North Coast Voices: online safety

The Washington Post, 7 January 2024:

Microsoft says its AI is safe. So why does it keep slashing people's throats?

The pictures are horrifying: Joe Biden, Donald Trump, Hillary Clinton and Pope Francis with their necks sliced open. There are Sikh, Navajo and other people from ethnic-minority groups with internal organs spilling out of flayed skin.

The images look realistic enough to mislead or upset people. But they're all fakes generated with artificial intelligence that Microsoft says is safe - and has built right into your computer software.

What's just as disturbing as the decapitations is that Microsoft doesn't act very concerned about stopping its AI from making them.

Lately, ordinary users of technology such as Windows and Google have been inundated with AI. We're wowed by what the new tech can do, but we also keep learning that it can act in an unhinged manner, including by carrying on wildly inappropriate conversations and making similarly inappropriate pictures. For AI actually to be safe enough for products used by families, we need its makers to take responsibility by anticipating how it might go awry and investing to fix it quickly when it does.

In the case of these awful AI images, Microsoft appears to lay much of the blame on the users who make them.

My specific concern is with Image Creator, part of Microsoft's Bing and recently added to the iconic Windows Paint. This AI turns text into images, using technology called DALL-E 3 from Microsoft's partner OpenAI. Two months ago, a user experimenting with it showed me that prompts worded in a particular way caused the AI to make pictures of violence against women, minorities, politicians and celebrities.

"As with any new technology, some are trying to use it in ways that were not intended," Microsoft spokesman Donny Turnbaugh said in an emailed statement. "We are investigating these reports and are taking action in accordance with our content policy, which prohibits the creation of harmful content, and will continue to update our safety systems."

That was a month ago, after I approached Microsoft as a journalist. For weeks earlier, the whistleblower and I had tried to alert Microsoft through user-feedback forms and were ignored. As of the publication of this column, Microsoft's AI still makes pictures of mangled heads.

This is unsafe for many reasons, including that a general election is less than a year away and Microsoft's AI makes it easy to create "deepfake" images of politicians, with and without mortal wounds. There's already growing evidence on social networks including X, formerly Twitter, and 4chan, that extremists are using Image Creator to spread explicitly racist and antisemitic memes.

Perhaps, too, you don't want AI capable of picturing decapitations anywhere close to a Windows PC used by your kids.

Accountability is especially important for Microsoft, which is one of the most powerful companies shaping the future of AI. It has a multibillion-dollar investment in ChatGPT-maker OpenAI - itself in turmoil over how to keep AI safe. Microsoft has moved faster than any other Big Tech company to put generative AI into its popular apps. And its whole sales pitch to users and lawmakers alike is that it is the responsible AI giant.

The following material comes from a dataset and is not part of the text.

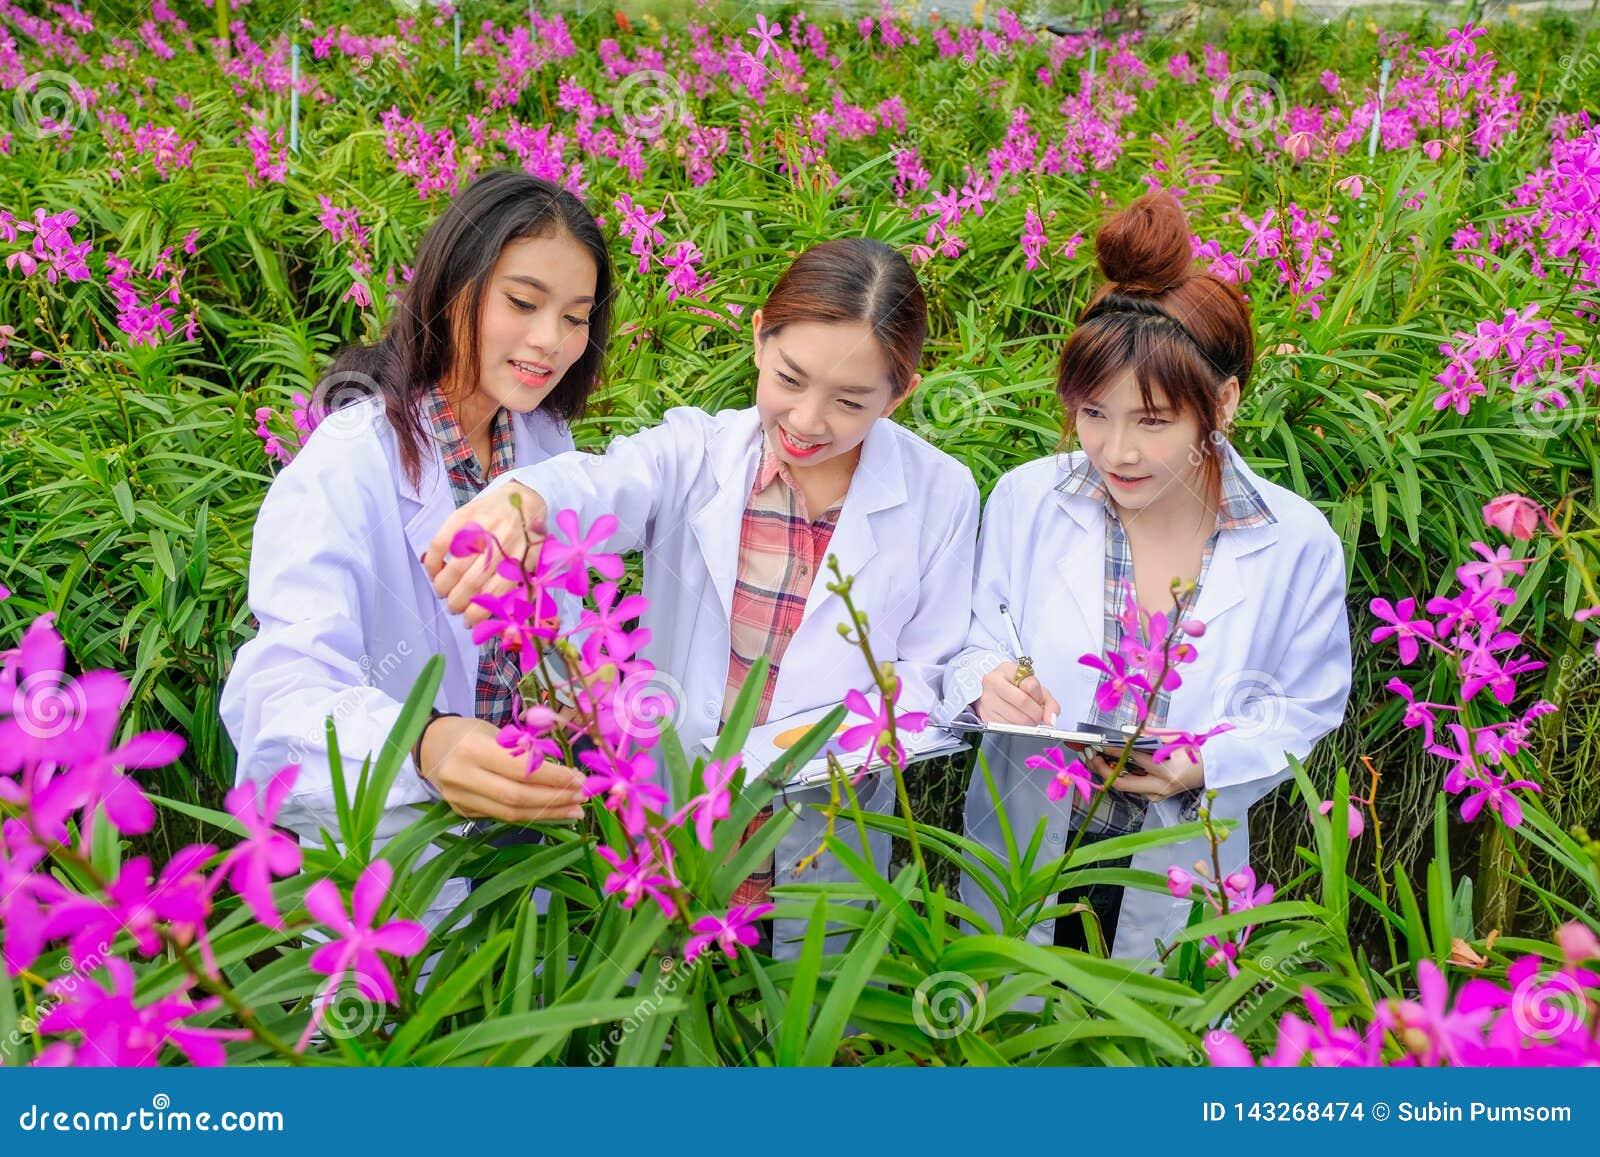 Azjatycka kobieta, badacz w biel sukni i bada orchidea ogród dla badanie i rozwój nowych storczykowych gatunków

Microsoft, which declined my requests to interview an executive in charge of AI safety, has more resources to identify risks and correct problems than almost any other company. But my experience shows the company's safety systems, at least in this glaring example, failed time and again. My fear is that's because Microsoft doesn't really think it's their problem.

Microsoft vs. the 'kill prompt'

I learned about Microsoft's decapitation problem from Josh McDuffie. The 30-year-old Canadian is part of an online community that makes AI pictures that sometimes veer into very bad taste.

"I would consider myself a multimodal artist critical of societal standards," he told me. Even if it's hard to understand why McDuffie makes some of these images, his provocation serves a purpose: shining light on the dark side of AI.

In early October, McDuffie and his friends' attention focused on AI from Microsoft, which had just released an updated Image Creator for Bing with OpenAI's latest tech. Microsoft says on the Image Creator website that it has "controls in place to prevent the generation of harmful images." But McDuffie soon figured out they had major holes.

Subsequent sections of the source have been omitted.